رَبِّ اغْفِرْ وَارْحَمْ وَأَنْتَ خَيْرُ الرَّاحِمِينَ

“Ya Rabbi! Bizleri bağışla. Bizlere merhamet et. Sen merhamet edenlerin en hayırlısısın.” 

Rahmet ve mağfiretin bizleri kuşattığı bu kutlu gecede, dualarımız sadece dillerimizde kalmasın. Sözlü dualarımıza fiili dualarımızı da katalım. Yaşadığımız bu büyük afet karşısında kimsesizlere kimse, çaresizlere çare olmaya devam edelim. İhtiyaç sahiplerine kol kanat gerelim, yetim ve öksüz yavrularımızı bağrımıza basalım. Kardeşlerimizin acısını bir nebze de olsa hafifletmek için elimizden gelen bütün gayreti gösterelim. Deprem bölgelerinin yanında illerimize gelen depremzede kardeşlerimize de ulaşıp destek olalım. İhtiyaç fazlası evlerimizi ve bütün imkânlarımızı karşılıksız olarak onların istifadesine sunalım. Bu zor dönemde fahiş fiyatlarla depremzede kardeşlerimizi, aziz milletimizi istismar edenleri uyaralım. Unutmayalım ki gün, dayanışma ve yardımlaşma günüdür. Vakit, iyilik ve fedakârlık vaktidir. Zaman, Ebu Hureyre (R.A.) den rivayet edilen Resûlullah (S.A.V.) Efendimizin şu hadis-i şerifini aklımıza ve gönlümüze nakşetme zamanıdır:

والله في عون العبد ما كان العبد في عون أخيه

"Bir kul, din kardeşinin yardımında bulundukça, ALLAH Teâlâ da o kula daima yardım eder."

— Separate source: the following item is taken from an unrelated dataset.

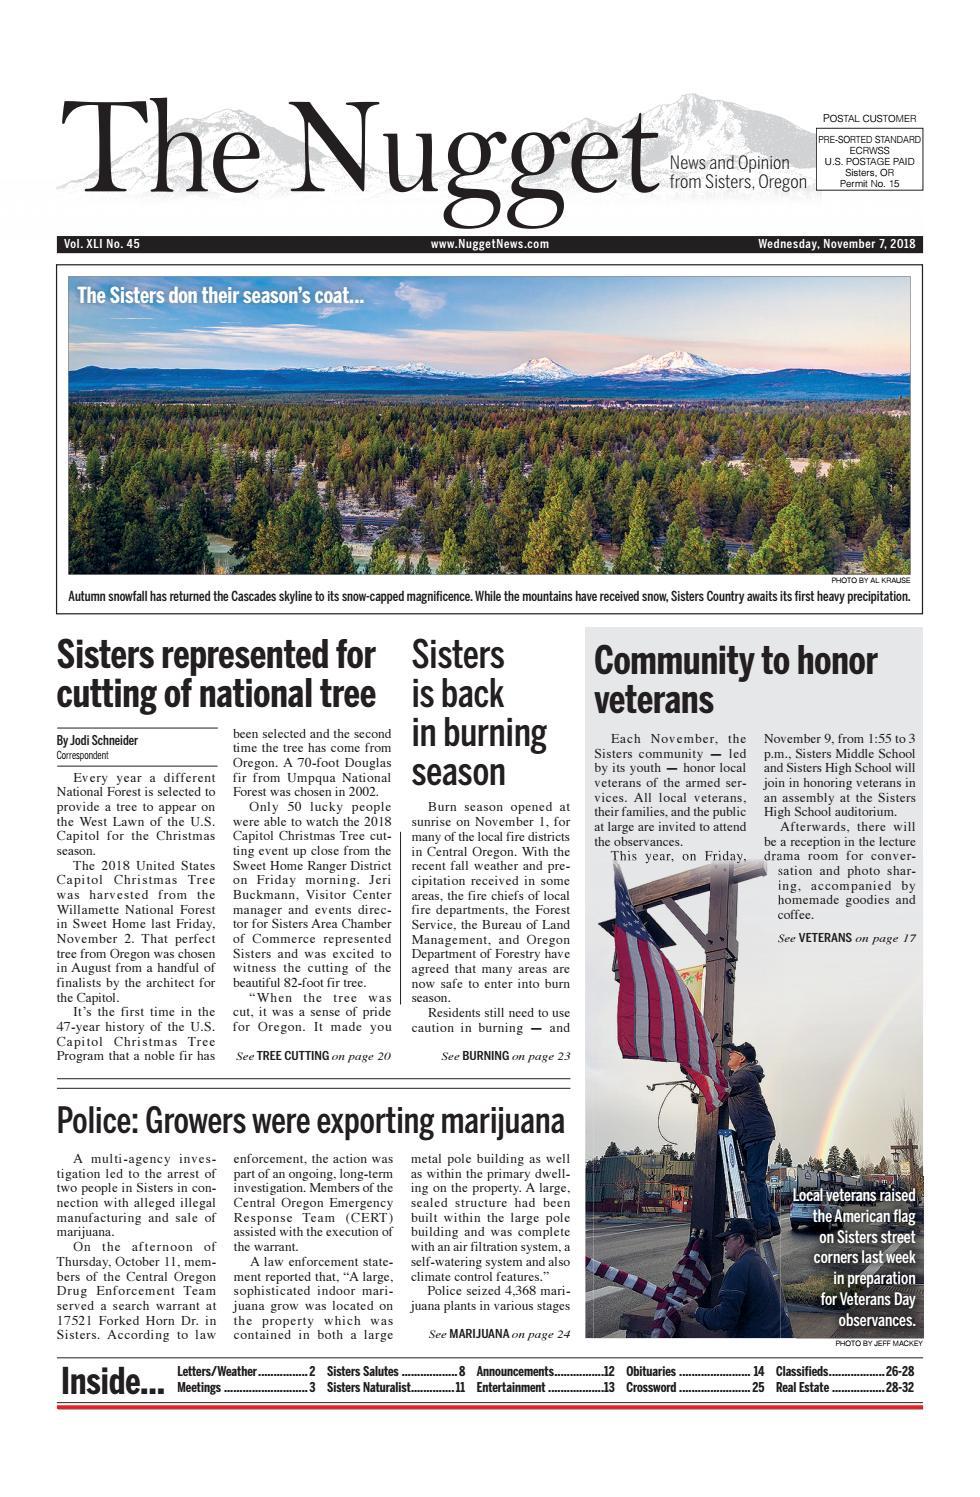 The Nugget Newspaper // Vol  XLI No  45 // 2018-11-7 by

Cenâb-ı Hak, Miraç Gecesi huzuruna kabul buyurduğu Sevgili Peygamberimizi üç büyük ikramla ümmetine geri gönderdi.

 Bunlardan biri ümmet-i Muhammed’den olup Allah’a şirk koşmayanların eninde sonunda muhakkak cennete girecekleridir. Diğeri “Âmenerrasûlü” olarak bildiğimiz ve bizlere imanı, kulluğu, hesap gününü, Allah’a yakarışı öğreten Bakara Suresi’nin son iki ayetidir. Bir diğer müjde ise kulun Rabbiyle buluşması olan namazdır.

Süleyman Çelebi’nin Mevlid-i Şerif’te “Sen ki mîrâc eyleyûb ettin niyaz, Ümmetin mîrâcını kıldım namaz” dizeleriyle ifade ettiği gibi namaz, Mü’minin miracıdır. Dinimizin direği, gözümüzün nuru, kalbimizin huzurudur. Allah’ı anmanın en güzel şekli, ibadetlerin en faziletlisidir. Ebû Hureyre (R.A.)den rivayete göre:

إن أول ما يحاسب به العبد يوم القيامة من عمله صلاته فإن صلحت فقد أفلح وأنجح وإن فسدت فقد خاب وخسر

“Kıyamet gününde kulun hesaba çekileceği ilk ameli onun namazıdır. Eğer namazı düzgün olursa, işi iyi gider ve kazançlı çıkar. Namazı düzgün olmazsa, kaybeder ve zararlı çıkar.”  Hz. Peygamber (S.A.V.) Efendimizin buyurduğu üzere “Namaz, kıyamet günü kulun ilk hesaba çekileceği ameldir.”

Namaz, Mü’mini koruyan manevî bir zırhtır, onu  hayâsızlıktan, fuhşiyattan ve dinin çirkin gördüğü işlerden ve kötülüklerden alıkoyar. Cenab-ı Hak şöyle buyuruyor:

اُتْلُ مَا أُوحِيَ إِلَيْكَ مِنَ الْكِتَابِ وَأَقِمِ الصَّلَاةَ إِنَّ الصَّلَاةَ تَنْهَى عَنِ الْفَحْشَاءِ وَالْمُنْكَرِ وَلَذِكْرُ اللَّهِ أَكْبَرُ وَاللَّهُ يَعْلَمُ مَا تَصْنَعُونَ

“Resûlüm! Kitaptan sana vahyedileni oku ve namazı dosdoğru kıl. Muhakkak ki namaz, hayâsızlıktan ve kötülükten alıkoyar. ALLAH Teâlâ’yı anmak elbette en büyük iştir, ibadetlerin en büyüğüdür. ALLAH Teâlâ yaptıklarınızı bilir.”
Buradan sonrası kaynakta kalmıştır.